For years, Nvidia’s biggest competitive advantage has been designing the world’s most powerful AI chips. But as artificial intelligence infrastructure becomes larger and more sophisticated, manufacturing the systems around those chips is emerging as an equally formidable challenge.
According to CNBC, citing semiconductor research firm SemiAnalysis, Nvidia’s next-generation Kyber NVL144 rack system has reportedly been delayed from its planned 2027 launch to 2028 because of manufacturing difficulties involving the printed circuit board (PCB) midplane. Nvidia has not publicly confirmed the reported delay.
If the report proves accurate, it would illustrate a broader shift across the semiconductor industry. The bottleneck is increasingly moving beyond chip design to the engineering required to assemble hundreds of processors into a single high-performance computing system.
Rack Computing Gets Harder
Kyber NVL144 represents Nvidia’s strategy of selling complete AI infrastructure rather than standalone graphics processors. The rack-scale system is designed to integrate 144 processors into a tightly connected platform capable of training and running increasingly large AI models.
While advanced chips remain central to performance, systems of this scale depend on sophisticated networking, power delivery, cooling and complex PCB designs that connect every component with minimal latency.
According to CNBC’s report, SemiAnalysis identified the PCB midplane as the primary engineering hurdle delaying production. Manufacturing these large, high-density boards while maintaining reliability at commercial scale is considerably more complex than producing individual semiconductor packages.
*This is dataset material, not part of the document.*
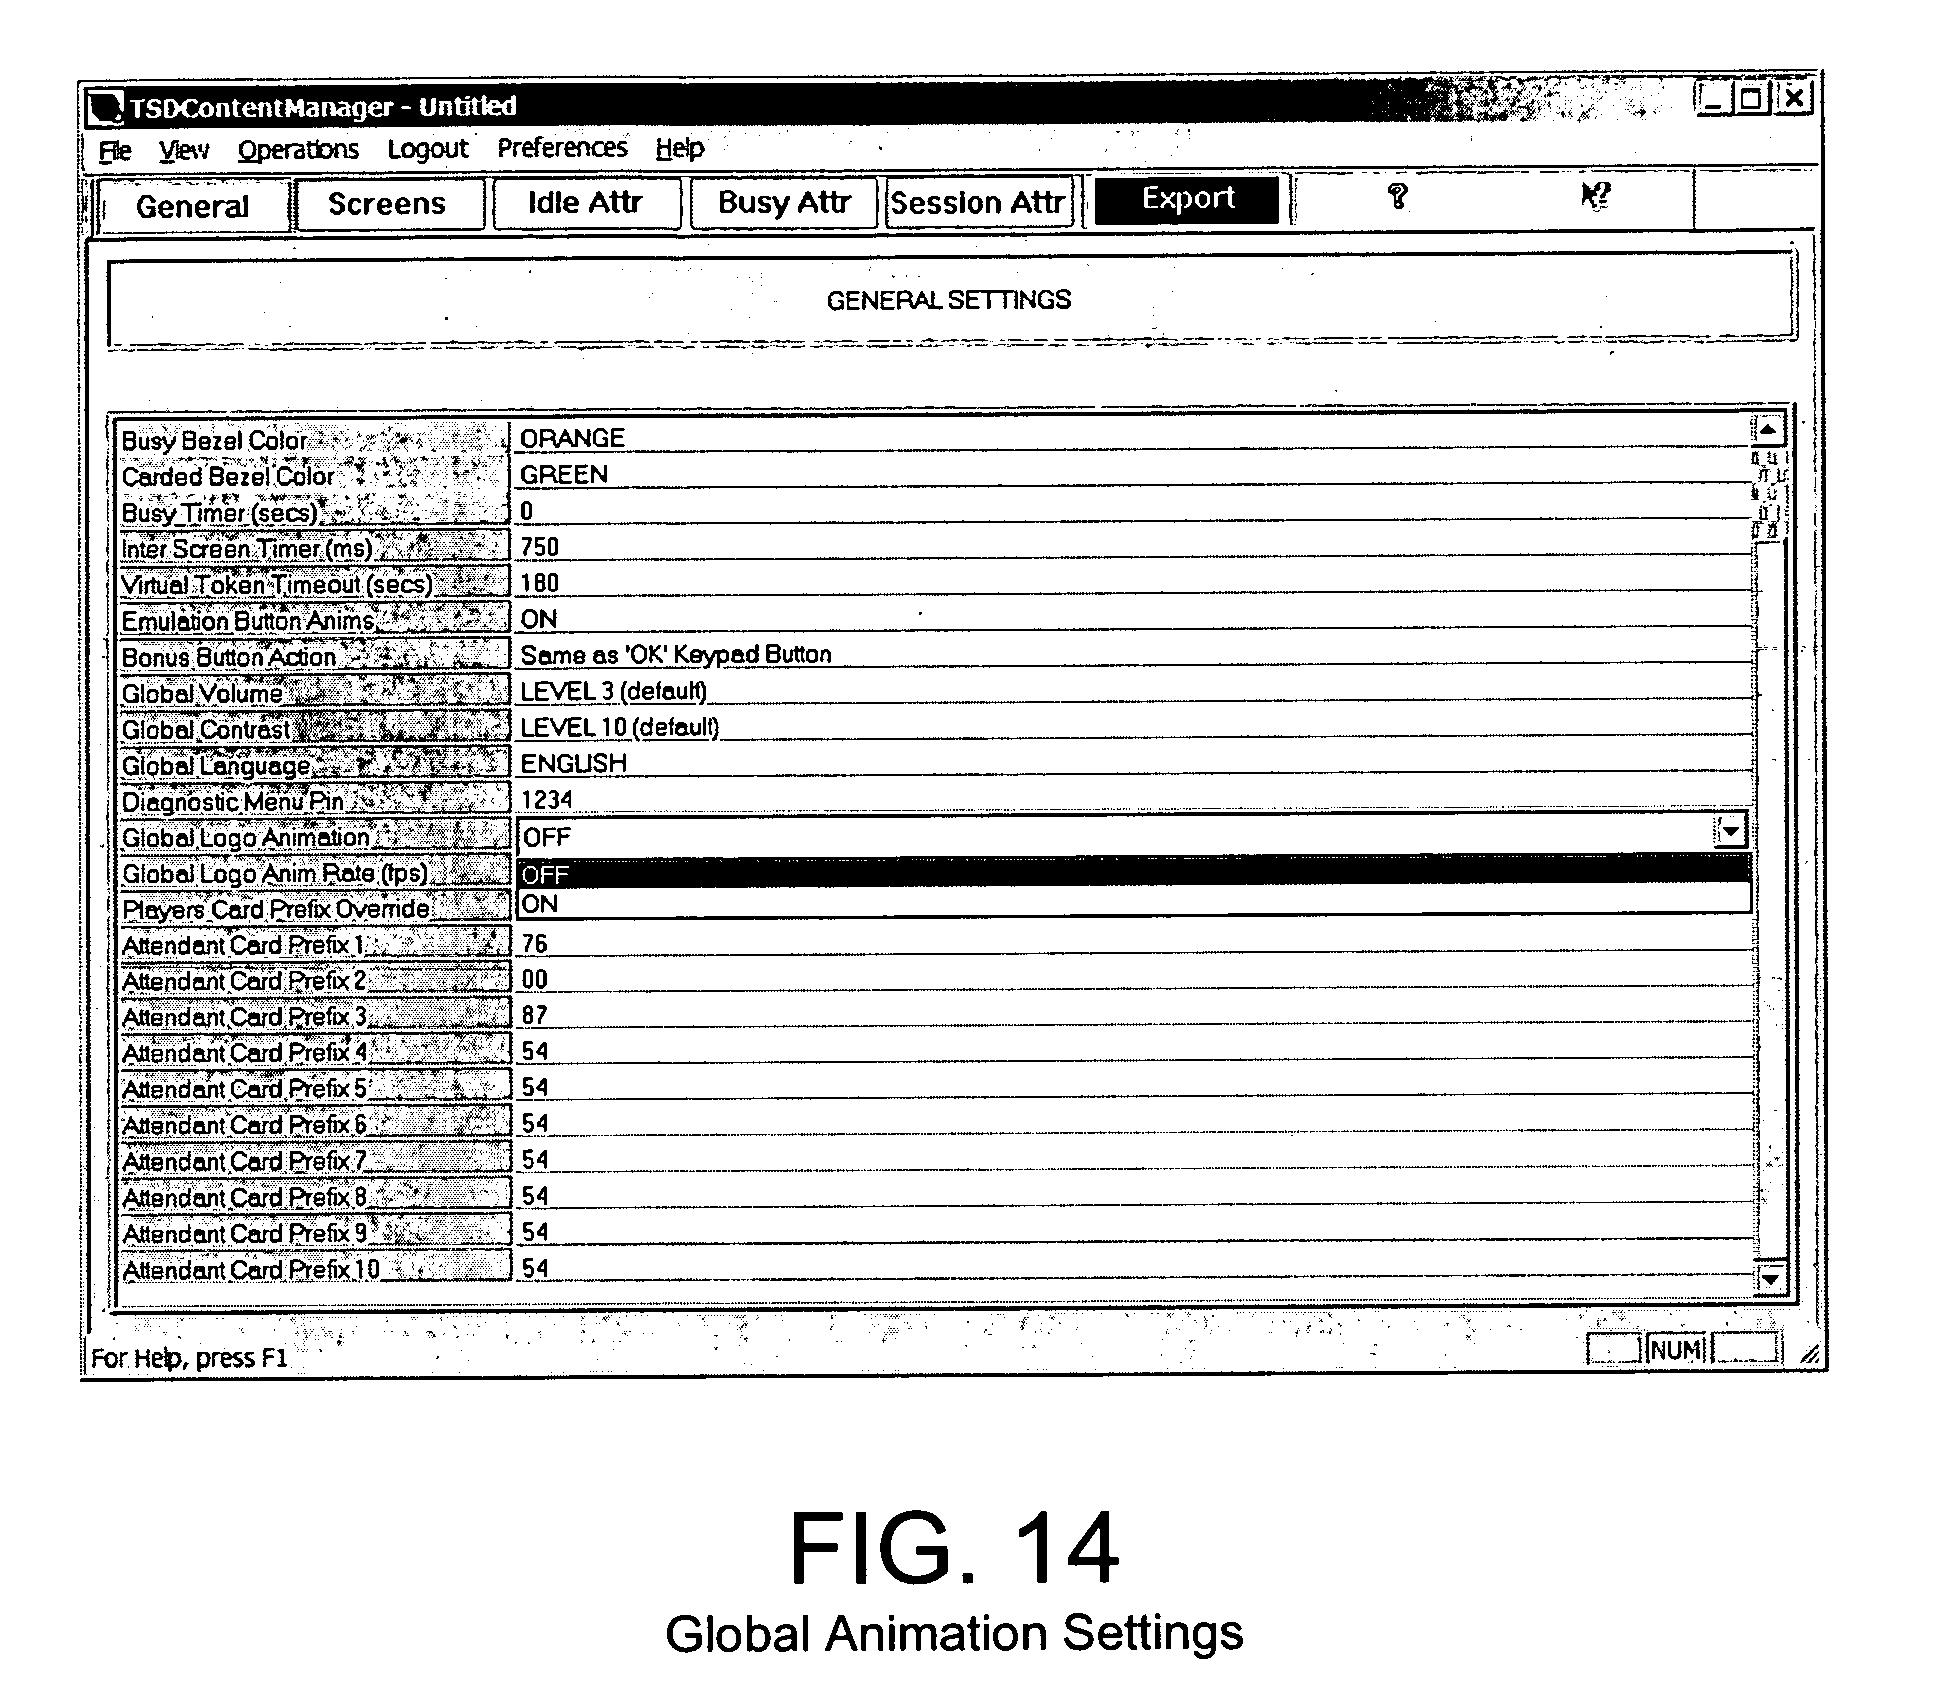 Patent US 7,473,178 B2

The reported setback highlights how AI computing is entering an era where success depends not only on transistor technology but also on the ability to manufacture increasingly intricate systems.
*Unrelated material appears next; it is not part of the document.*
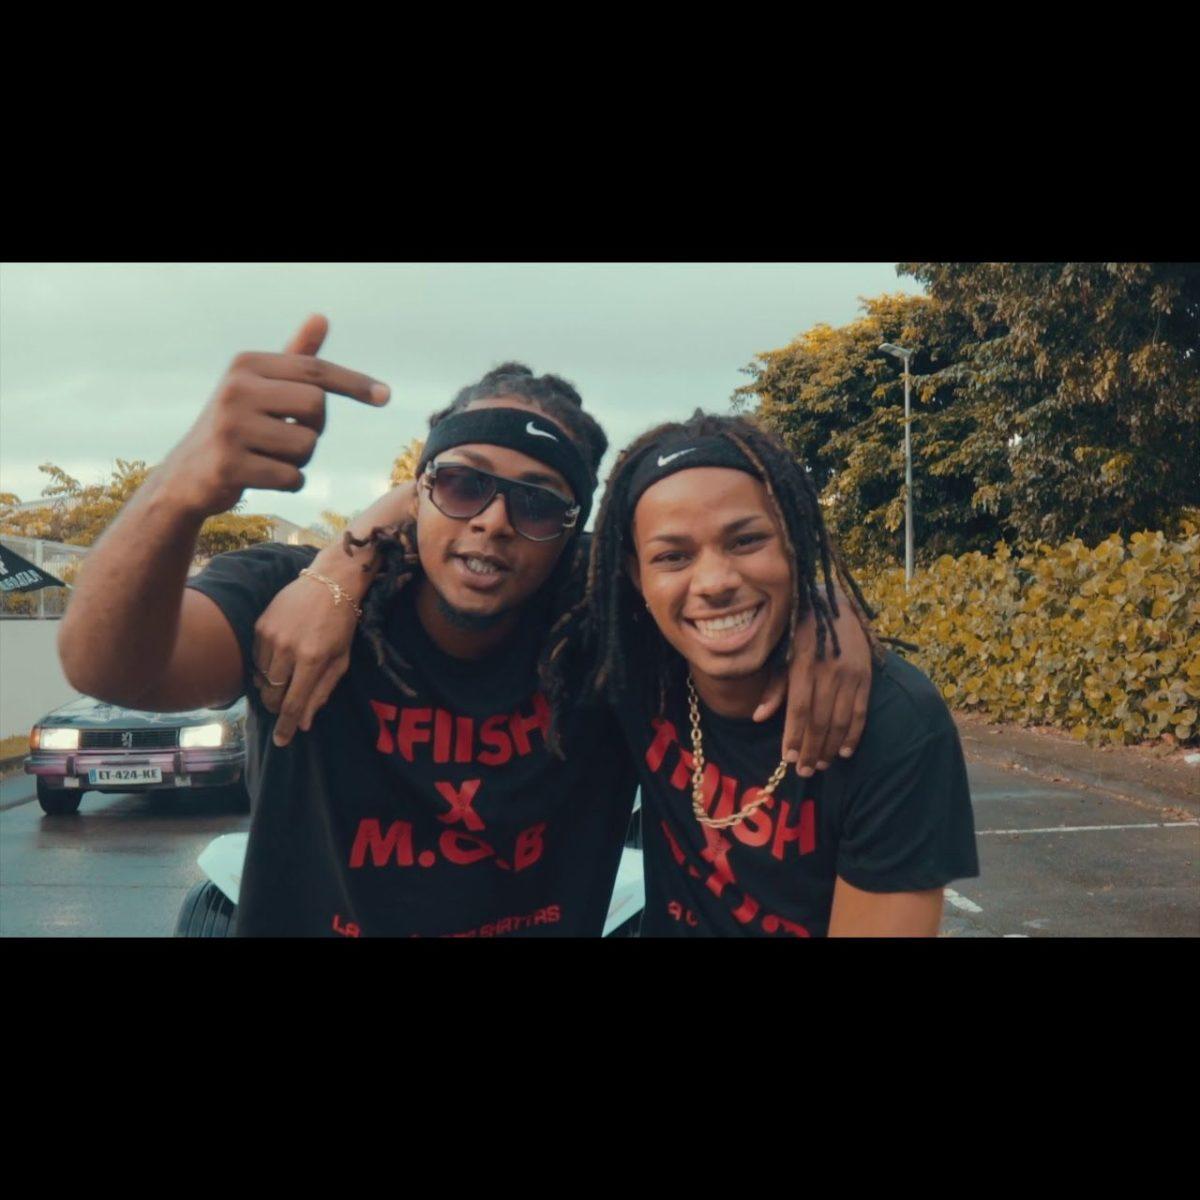 M.O.B and DJ Tfiish - La choré des shattas (Thumbnail)

Annual Roadmap Faces Pressure
The reported delay also comes against the backdrop of Nvidia’s accelerated product strategy.
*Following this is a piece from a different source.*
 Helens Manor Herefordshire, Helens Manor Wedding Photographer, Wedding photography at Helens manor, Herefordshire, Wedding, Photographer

In 2024, Chief Executive Jensen Huang announced that the company would transition from launching major AI computing platforms every two years to introducing new architectures annually. Reuters reported that the move was intended to match the rapid pace of AI development and customer demand while keeping Nvidia ahead of competitors.
A faster release cycle, however, leaves less room for unexpected manufacturing challenges. Even if chip development proceeds on schedule, delivering complete rack-scale platforms requires coordination across semiconductor fabrication, advanced packaging, networking components, thermal management and large-scale system assembly.
The reported Kyber delay, if confirmed, suggests that these engineering challenges could become increasingly important as AI infrastructure grows more ambitious.
Customers Demand Complete Platforms
Cloud providers are no longer buying individual accelerators alone. They are investing in integrated computing platforms that can support thousands of AI processors working together.
That evolution raises the importance of every component inside a rack. A delay in one critical subsystem can affect deployment timelines for entire AI clusters.
CNBC also reported that, according to SemiAnalysis, Nvidia abandoned an alternative architecture known as NVL72x2 after customer feedback indicated the design was less attractive operationally. Nvidia has not commented publicly on that report.
Although such roadmap adjustments are common in semiconductor development, they demonstrate the increasing influence of hyperscale cloud providers, whose technical requirements now shape the industry’s product strategies.
Industry Enters New Phase
The reported Kyber delay is significant not because it signals weakness in Nvidia’s chip design capabilities, but because it reflects the growing complexity of AI infrastructure itself.
As AI models become larger and data centres expand, competitive advantage will increasingly depend on integrating processors, networking, cooling and power systems into reliable, manufacturable platforms.
Nvidia remains the industry’s dominant AI hardware supplier, and the company has not confirmed the reported roadmap changes. However, the CNBC report serves as a reminder that leadership in artificial intelligence is no longer determined solely by designing faster chips. It also depends on successfully manufacturing some of the most complex computing systems ever built.
If AI’s next chapter is defined by rack-scale computing rather than individual processors, manufacturing execution may become just as important as semiconductor innovation.